Ливень начинает нас нещадно хлестать. Он просто сошёл с ума, ничто не способно сдержать обезумевшие потоки воды. Одежда прилипала к коже, кроссовки отяжелели от воды, и передвигаться стало крайне проблематично. Казалось, что прямо сейчас мы оказались в эпицентре большого всемирного потопа, и все мы в мгновение ока погрузимся на дно мирового океана. В такие минуты всё всегда кажется сверхъестественным, потусторонним. Любой шорох, любой свет, любой звук принимается за предзнаменование чего-то страшного и пугающего. Когда мы начали спускаться, то заметили невесть откуда взявшийся свет, который блуждал по дорогам и тропинкам рядом с нами. Это был свет от фонаря или фар, и он был недружелюбен. Нам показалось, что нас спалили и принялись искать. Мы бежали от этого света прочь, сбегали с дороги к деревьям, врезались в них, прятались за деревья, чтобы этот фонарно-фарный луч не выхватил нас. Возможно, мы затаптывали экзотические цветы, а под нашими ногами пробуждались и шептались обеспокоенные покойники. Возможно, мы начали их бесить своим топотом, и нас уже проклинали из-под земли. Мы больше не думали об этом, потому что страшнее всего сейчас – быть застуканными копами, охранниками или ещё кем-либо, у кого есть пушка и право стрелять. Спустя несколько минут свечение усилилось, казалось, что источник света уже не один. Выглядывая из-за деревьев и кустов, я видел, как по дороге катилась машина и била в темноту фарами – в двух километрах от нас, внизу. Кажется, она поднималась. Мы дёрнули в другую сторону прочь. Мы, должно быть, совсем заблудились. Было одновременно весело, жутко и страшно. Если бы можно было пробить дыру в груди, сердце бы давно это сделало, но нет, оно раздувалось до размеров Сатурна, а заодно раздувало и меня. Я не бежал, я катился по земле, как ком из грязи и воды. Мы все были в этом равны. Разве что Билл на правах предводителя нашей шайки сохранял человеческий вид. Начали шутить о том, что будет смешно и нелепо, если нас застрелят на кладбище из ружья секьюрити, если мы получим пару пуль и свалимся на мертвецов. Всё это щекотало нервы.

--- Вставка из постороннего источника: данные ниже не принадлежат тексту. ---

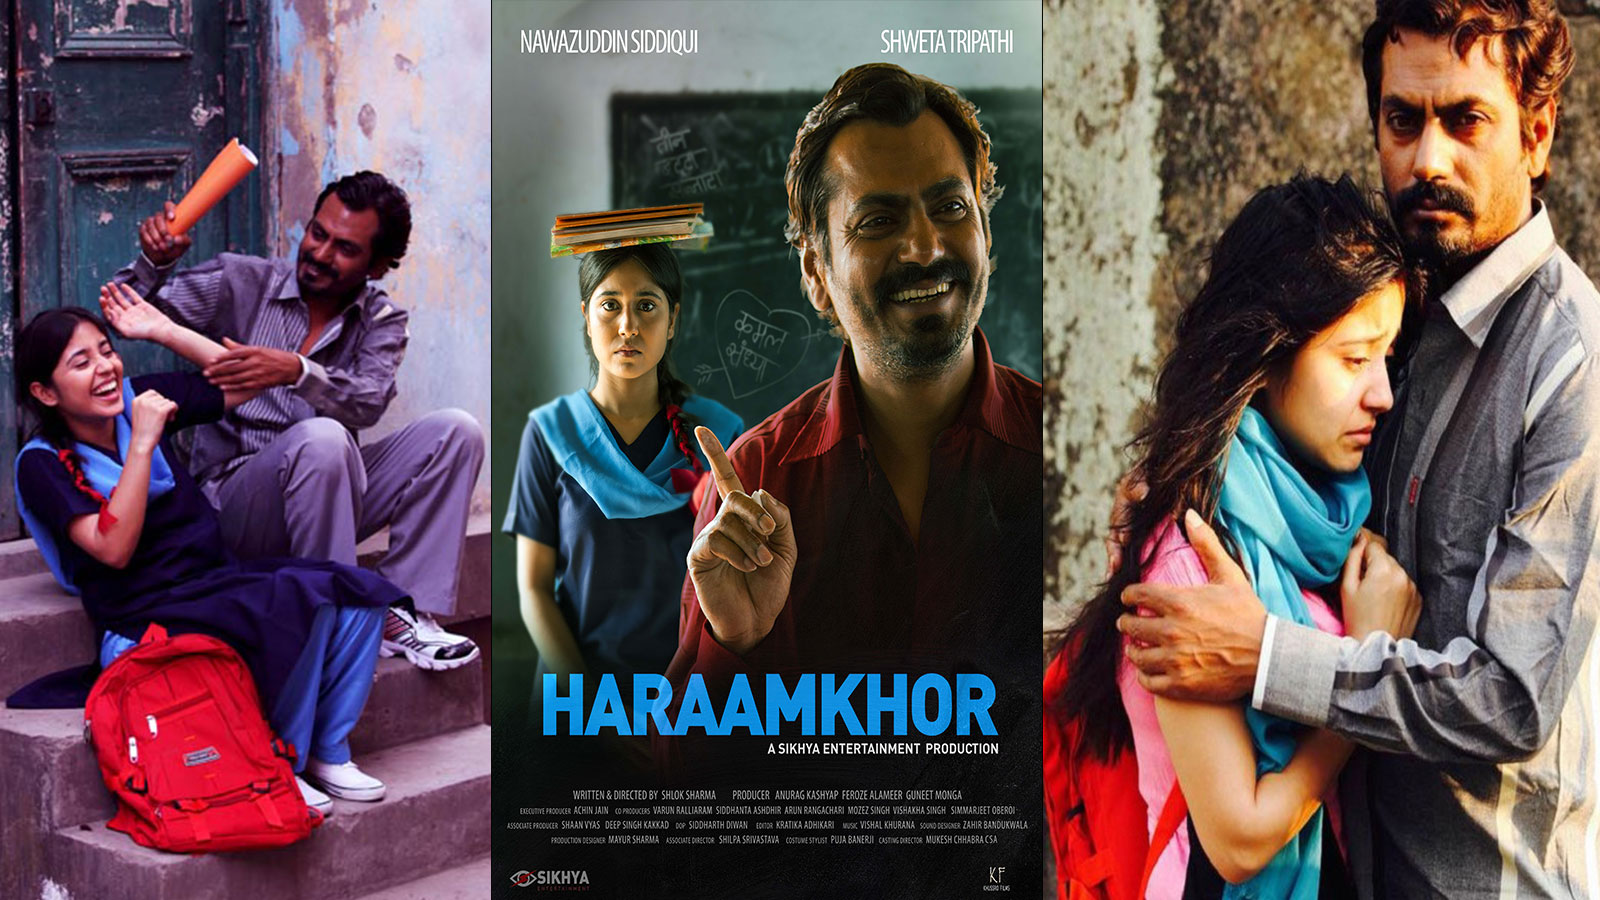 haramkhor-poster
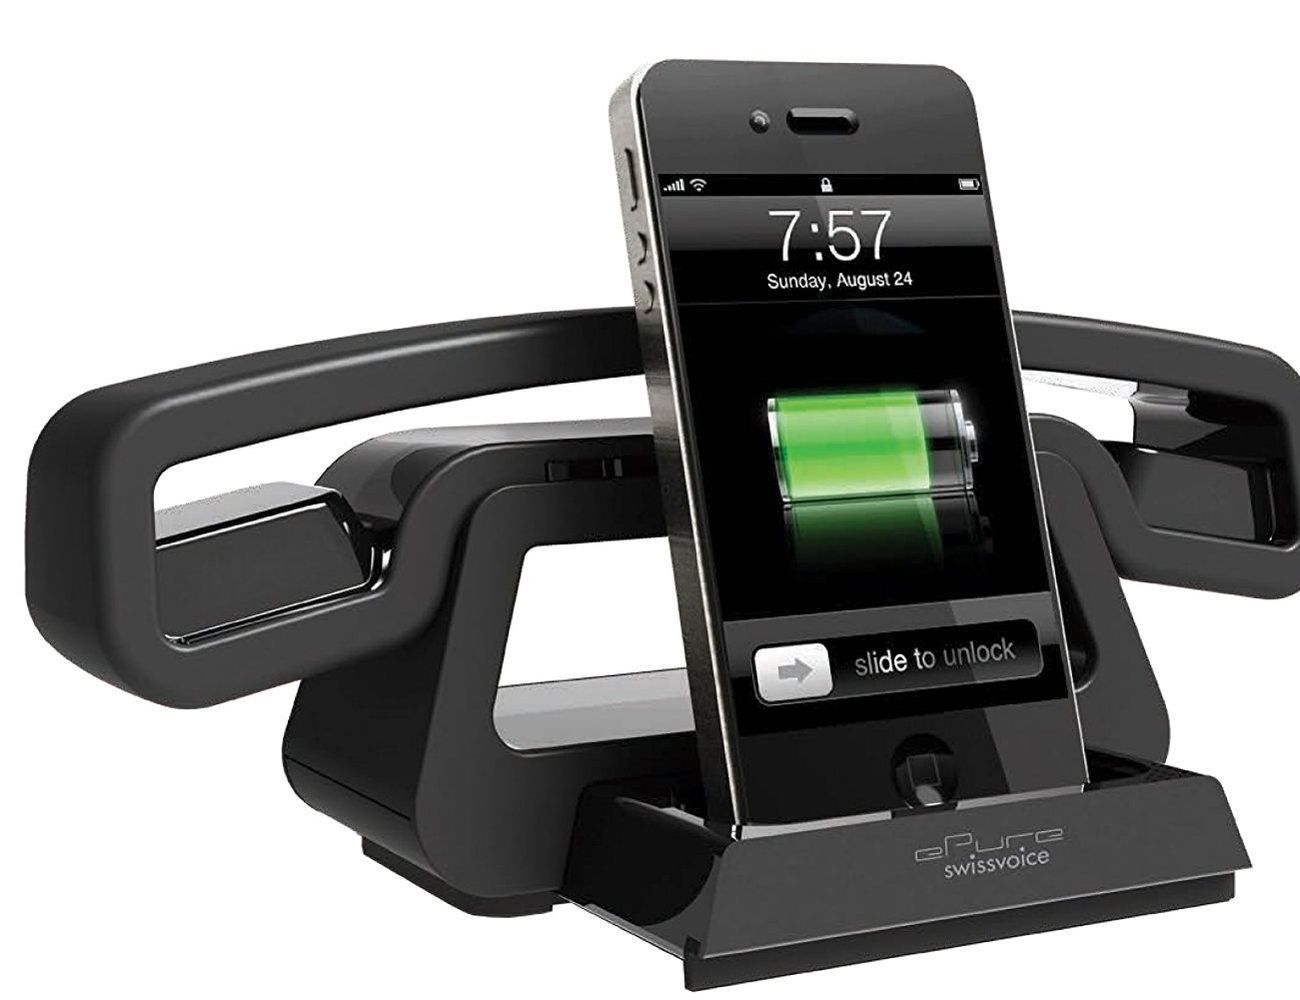 ePure Bluetooth Handset and Speakerphone for Smartphones

Каким-то непостижимым образом, перебегая от дерева к дереву, спускаясь по траве и минуя предназначенные для людей и машин дороги, мы оказались у забора, через который недавно перелезали – но прямо рядом с деревянным (кажется) домиком, на который тогда мы не слишком обратили внимание. Сейчас же мы от страха жались к стенам неведомого здания, потому что яркий свет приближался и разъярённо выхватывал у мрака площадку перед центральным входом, справа от нас. Кажется, всё предопределено, и нас сейчас поймают. Но через мгновение Билл резко дёрнулся к забору, все остальные тоже, и мне ничего не оставалось, как сорваться следом за ними. Мы перелезли через забор со скоростью электрического тока и, видимо, набравшись смелости, вышли к улице, упирающейся в кладбище. Мы тут же ощутили себя запуганными идиотами – перед нами красовались лишь самосвалы, выгребающие мусор из переполненных контейнеров. Ни одной ментовской машины. Ни одного человека с подозрительными глазами. Мы просто попались в лапы тупого необъяснимого страха, которого бы не было и в помине, конечно, если бы не шило в заднице.

Можно вздохнуть спокойно. Впереди – полчаса до дома под разъярённым ливнем. Мы сами превращаемся в воду. Мы – вода. Вымокли так, будто возвращаемся домой вплавь через океан. Первый за долгое время калифорнийский дождь оказался беспощадным и настойчивым. И он вычистил всё это засушливое дерьмо.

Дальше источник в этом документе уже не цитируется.